Clonal hematopoiesis and its impact on the aging osteo-hematopoietic niche

Abstract

Clonal hematopoiesis (CH) defines a premalignant state predominantly found in older persons that increases the risk of developing hematologic malignancies and age-related inflammatory diseases. However, the risk for malignant transformation or non-malignant disorders is variable and difficult to predict, and defining the clinical relevance of specific candidate driver mutations in individual carriers has proved to be challenging. In addition to the cell-intrinsic mechanisms, mutant cells rely on and alter cell-extrinsic factors from the bone marrow (BM) niche, which complicates the prediction of a mutant cell's fate in a shifting pre-malignant microenvironment. Therefore, identifying the insidious and potentially broad impact of driver mutations on supportive niches and immune function in CH aims to understand the subtle differences that enable driver mutations to yield different clinical outcomes.
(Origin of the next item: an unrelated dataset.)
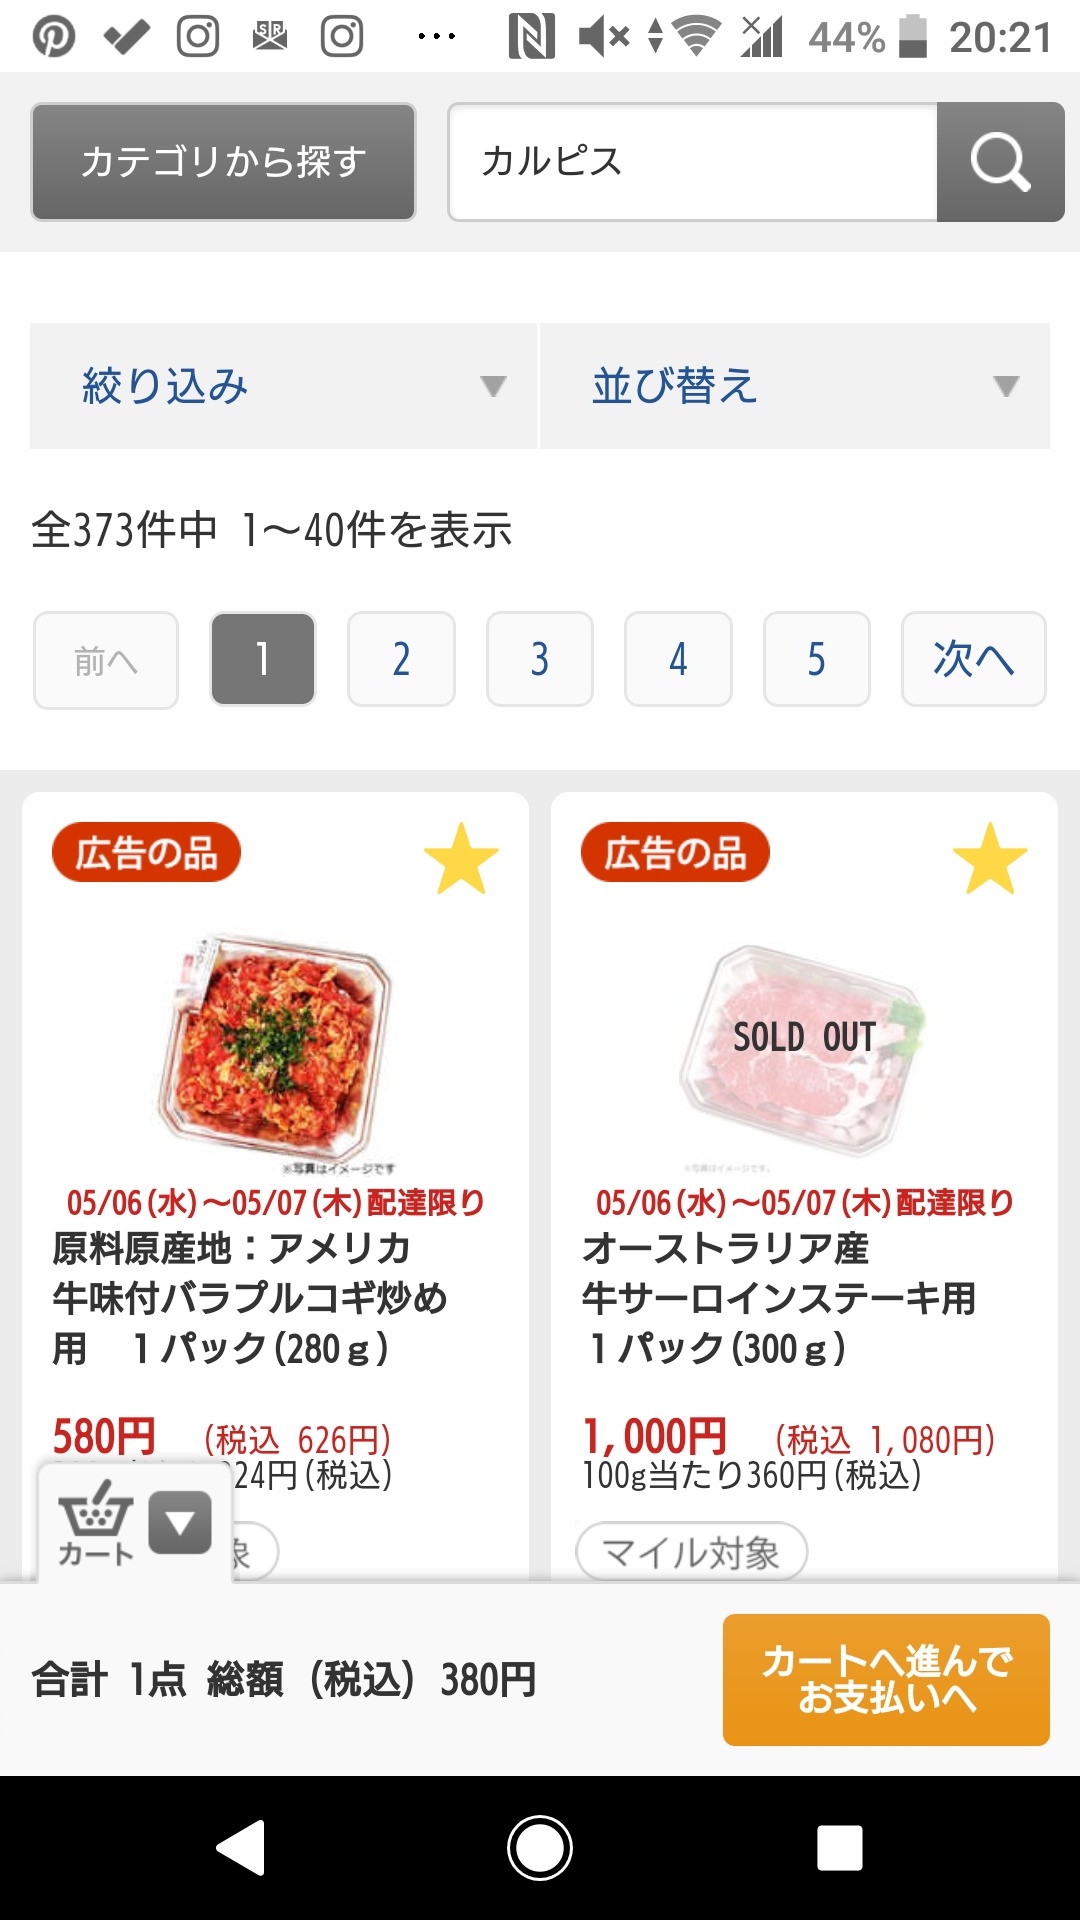 札幌や北海道で利用できるイトーヨーカドーネットスーパーの使い方手順の画像_7

Here, we review the changes in the aging BM niche and the emerging evidence supporting the concept that CH can progressively alter components of the local BM microenvironment. These alterations may have profound implications for the functionality of the osteo-hematopoietic niche and overall bone health, consequently fostering a conducive environment for the continued development and progression of CH. We also provide an overview of the latest technology developments to study the spatiotemporal dependencies in the CH BM niche, ideally in the context of longitudinal studies following CH over time. Finally, we discuss aspects of CH carrier management in clinical practice, based on work from our group and others.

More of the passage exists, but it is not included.